University of Gothenburg
Photo: Anna-Lena Lundqvist

Metabolomics – what is it?

Metabolomics research focuses on the analysis of small (<1.5kDa) molecules (metabolites) and their temporal and systematic variation altered by internal or external factors. In short, metabolomics is the identification and quantification of all metabolites in a biological sample detected by the present technology at a given condition and/or point in time. For NMR, this encompasses about 50 to a few hundred metabolites depending on the matrix analyzed. At the Swedish NMR Centre we have experience of a number of different biological matrices for metabolomics analysis, the majority being human origin (serum/plasma, urine, feces and extracts of different tissues such as muscle, liver and brain) but also including samples from model organisms such as mouse, rat, yeast, insects, macroalgae, mammalian cell cultures and bacteria.

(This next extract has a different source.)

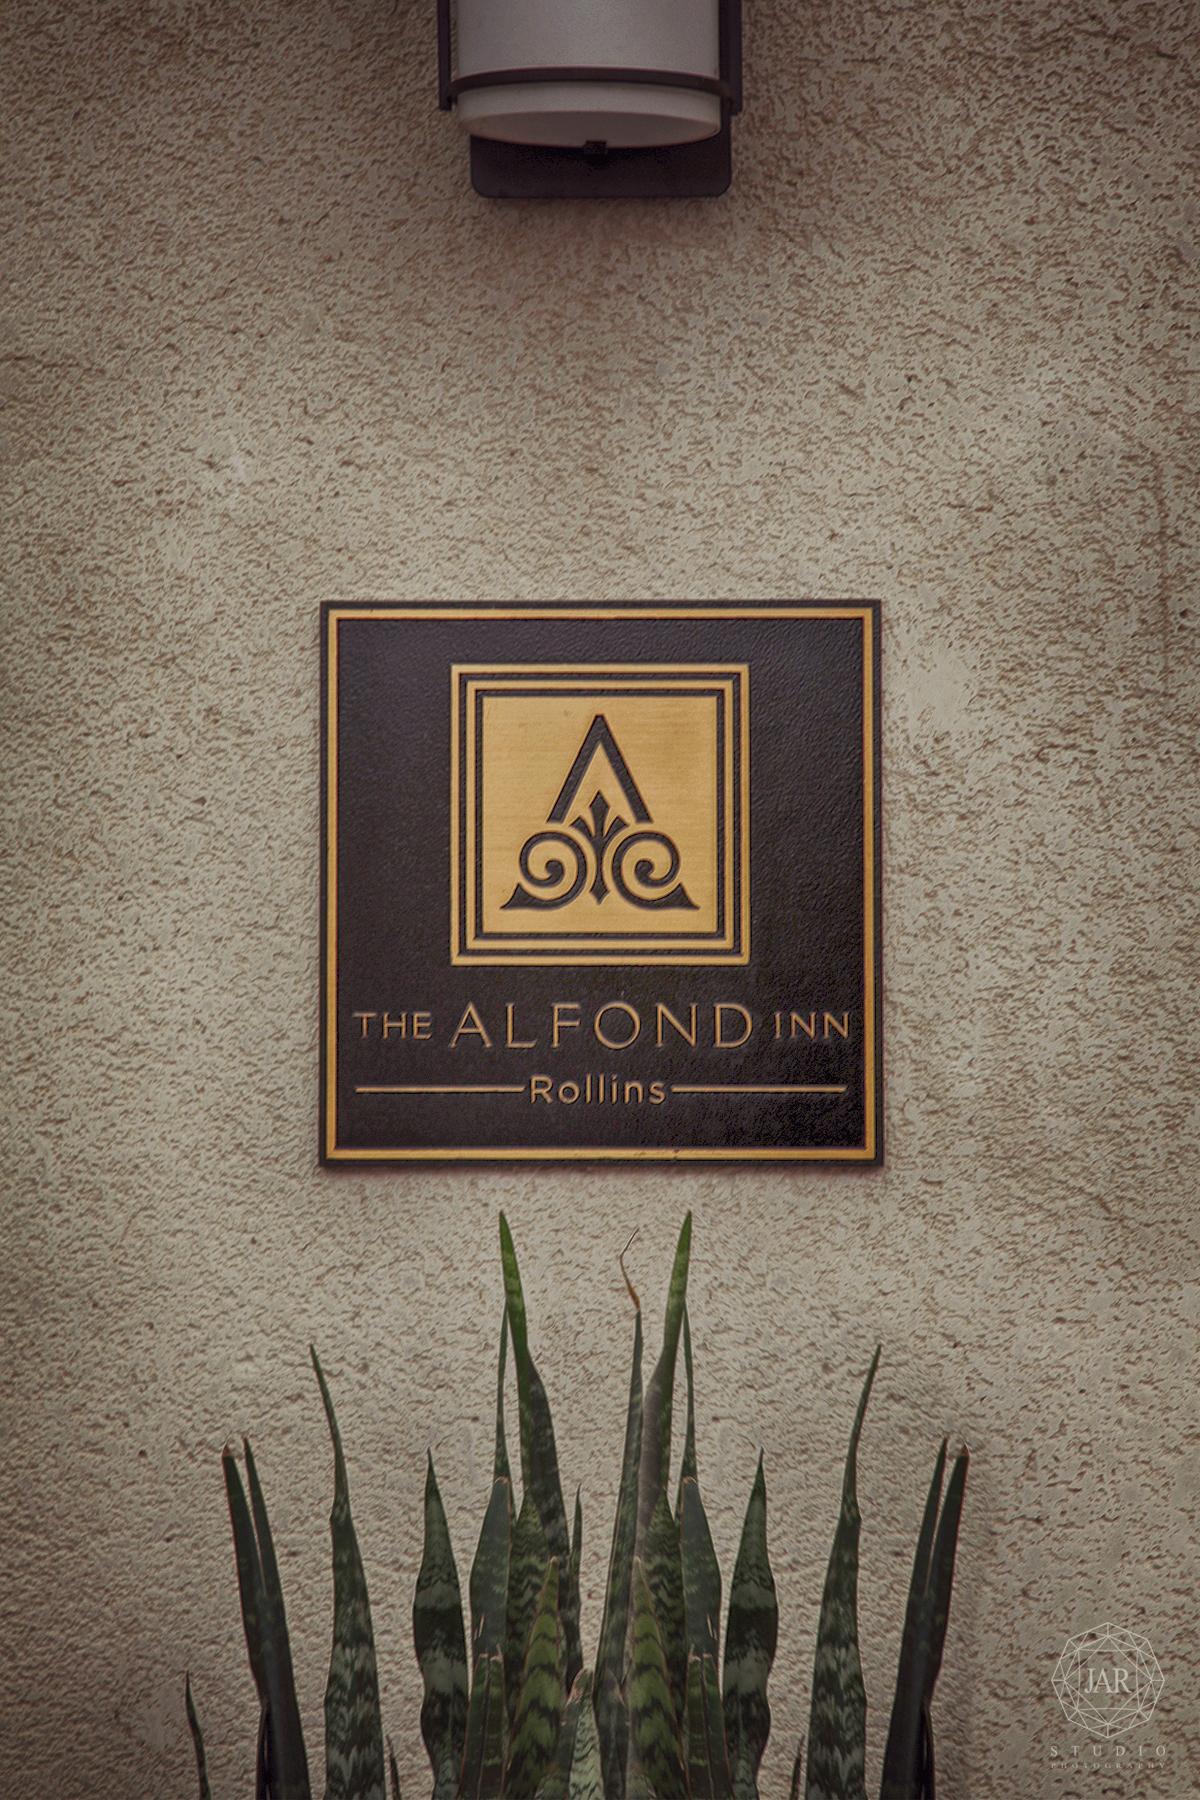 01-the-alfond-inn-winter-park-rollings-wedding-events-jarstudio.JPG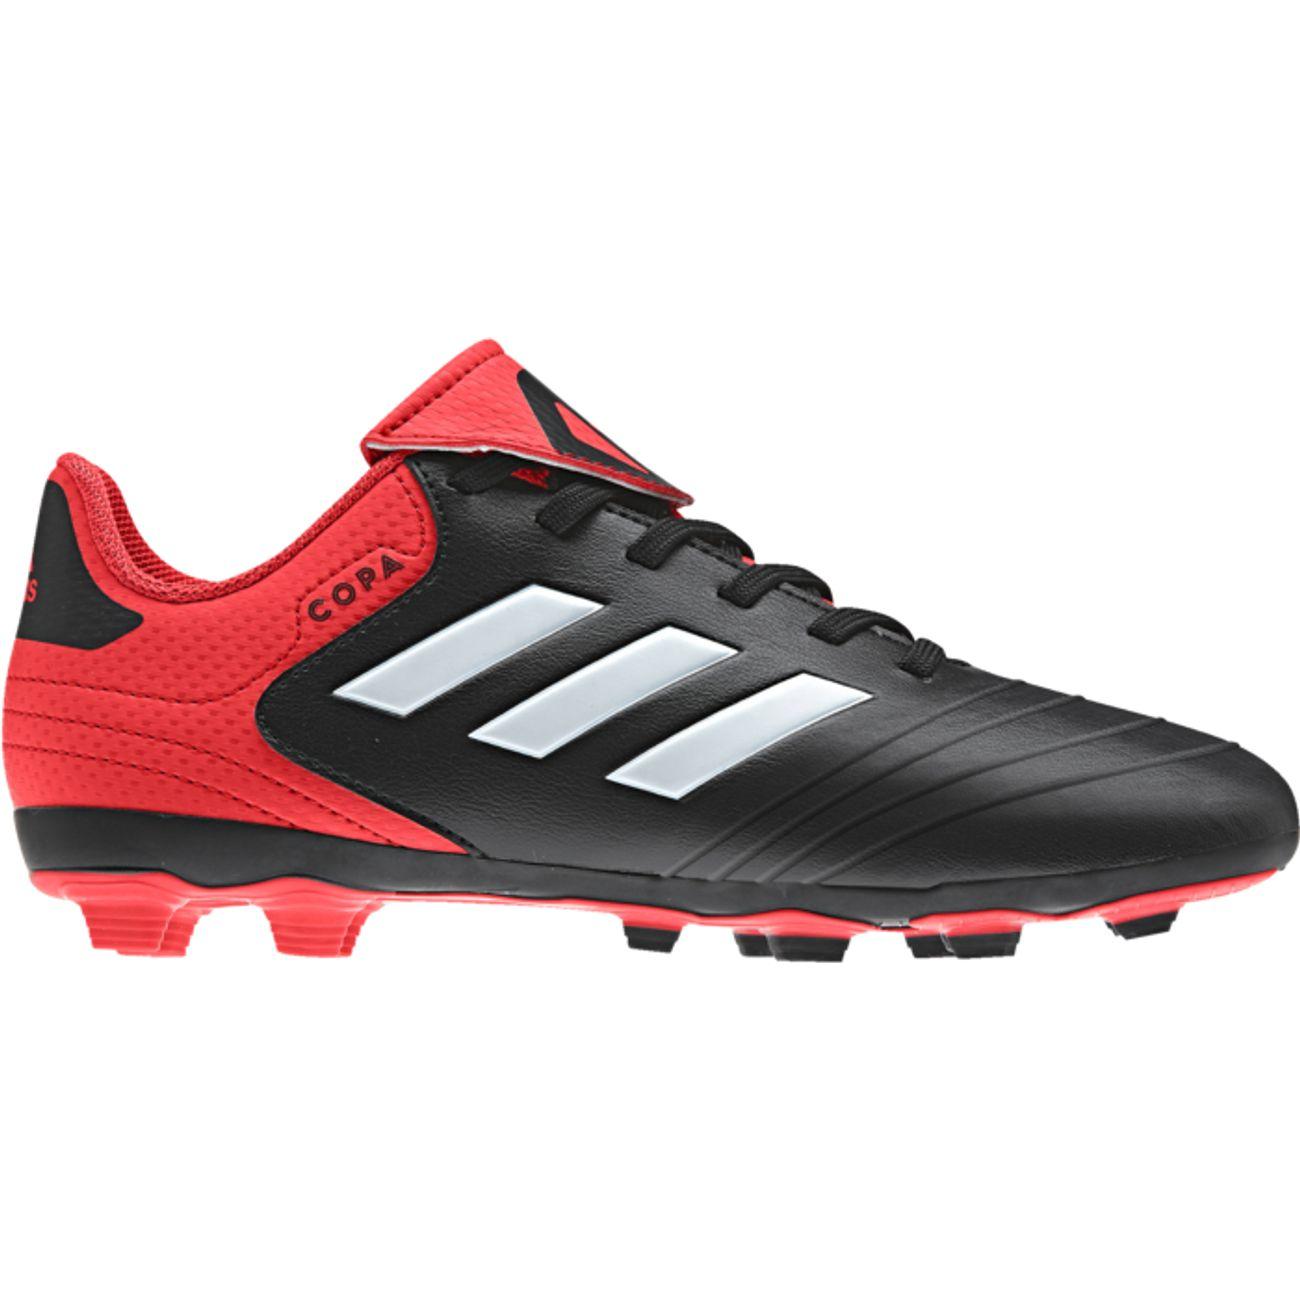 on sale 227bb 39fd8 CHAUSSURE FOOTBALL ENFANT ADIDAS COPA 18.4 FxG ...

The two dominant analytical techniques in metabolomics is mass spectrometry and NMR. The former is available to researchers in Sweden primarily through the Swedish Metabolomics Centre, which also has a node in Gothenburg in the Chalmers Mass Spectrometry Infrastructure. The Swedish NMR Centre in Gothenburg and Umeå offers NMR-based metabolomics, with access to both expertise in sample collection for solid-state NMR (e.g. biopsies) and for bioliquids, and also support for statistical analysis of collected data is available.

Metabolomics workflow: case study

1. Preanalytical phase

In metabolomics, the preanalytical phase of planning, collecting samples and sample preparation is of utmost importance in order to avoid unwanted confounding variance in the resulting spectroscopic data. For a successful project, it is necessary to consider even minute practical considerations:

  • Is there a sampling SOP in place, e.g. stating what sampling tube, timing, centrifugation speed, temperature storage, sample transport method etc. should be used?
  • If the sampling occurs at different sites, by different people, has any effort in unfying the SOP been done?

A central mantra in planning for a metabolomics project should be 'same, same, same' to ensure that, even though maybe a suboptimal sampling scheme was used, at least a comparison between samples that have had a similar history before ending up in the NMR spectrometer will be sensible.

Case study

The project is about the effect of gastric bypass surgery and related medication on diabetic kidney disease (DKD). The samples were urine that were prepared according to the Bruker IVDr SOP for human urine samples, i.e. dilution 9:1 sample:buffer before transfer to SampleJet NMR tube racks. The sample preparation was done with a Bruker SamplePro liquid handling robot (nickname "Sebulba") to minimize human handling error. All sample were kept cool throughout the preparation process and also in the sample changer before going into the spectrometer. Acquisition order was randomized to minimize batch effects.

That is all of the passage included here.